A trove of Nazi-looted art found in a Munich flat included works dating from the 16th century to the modern period from artists such as Canaletto, Courbet, Picasso, Chagall and Toulouse-Lautrec, German authorities said on Tuesday.

Customs officials discovered the roughly 1,400 art works during a search of the flat last year, said Siegfried Kloeble from the city's customs investigation office.

He said media reports that authorities had failed to disclose the find for two years were wide of the mark and there had been no undue delay.

"When we looked through the flat we found numerous paintings," Kloeble told a news conference. "The paintings in this room were professionally stored and in a very good condition."
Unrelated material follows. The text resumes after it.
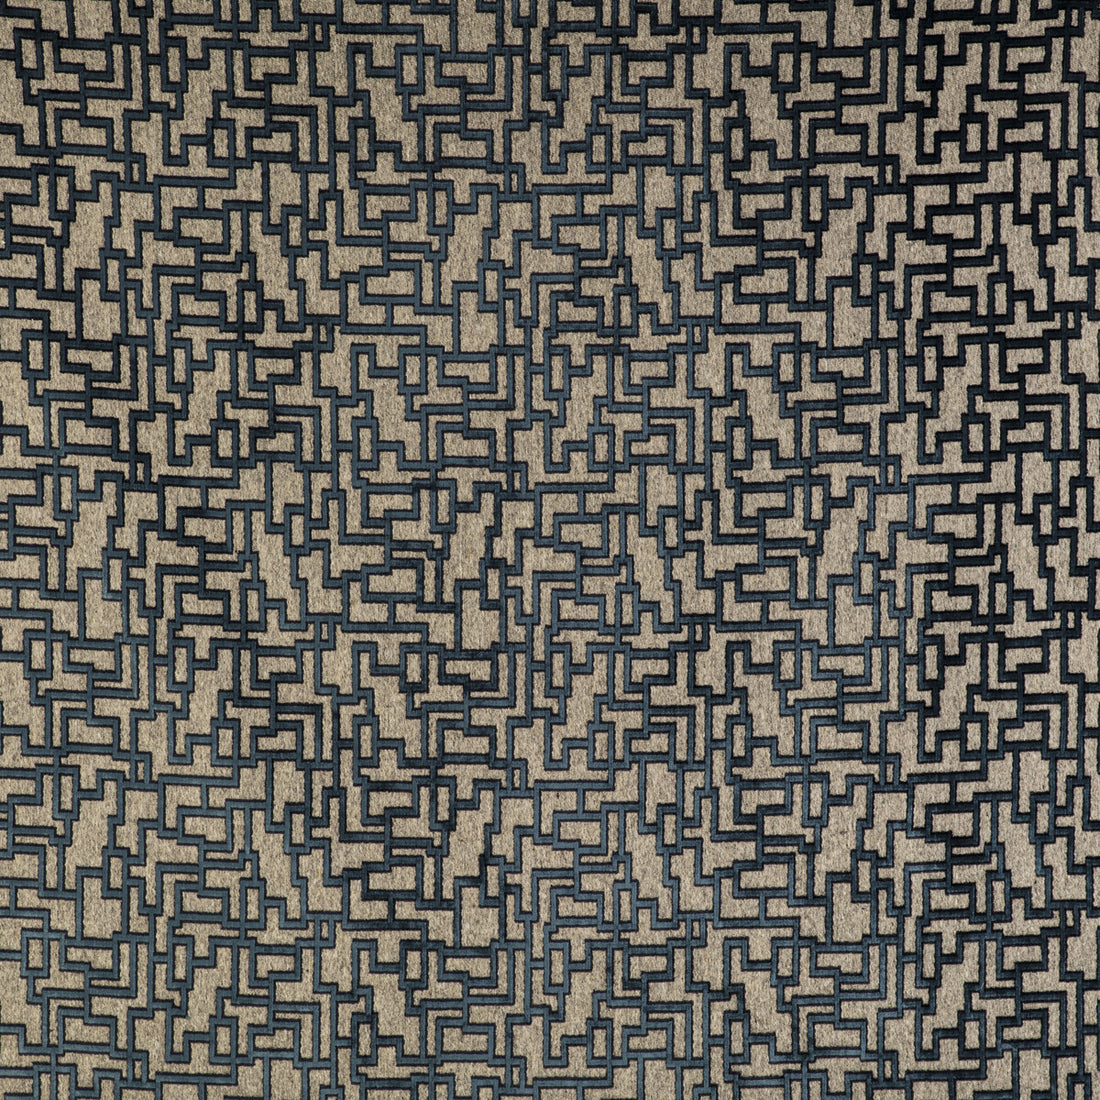 Laberinto fabric in azul color - pattern GDT5501.002.0 - by Gaston y Daniela in the Gaston Libreria collection

A Jewish group accused Germany on Monday of moral complicity in concealment of stolen paintings after initial reports of the delay in disclosing the discovery of the huge trove of art.

The case poses a legal and moral minefield for authorities. The Nazi regime systematically plundered hundreds of thousands of art works from museums and individuals across Europe. An unknown number of works is still missing, and museums worldwide have held investigations into the origins of their exhibits.

Germany has faced criticism that the restitution process is too complicated and lacks sufficient funding.

Reinhard Nemetz of the public prosecutor's office in Augsburg said there were no plans to publish a list of the works online.

Instead, he said the authorities would welcome it if people who suspected the trove may contain paintings that rightfully belonged to their ancestors came forward.

Meike Hoffmann, an expert on art the Nazis branded un-German or "degenerate" and removed from show in state museums, said the works of art were of an "extraordinary aesthetic quality" and of high scientific value.

"When you stand in front of works that were long considered lost, missing or destroyed, and you see them again, in a relatively good condition - a little bit dirty but not damaged - it's an incredible feeling of happiness," she said.

"They have an incredible artistic value. Many of the works were not at all known until now," she added.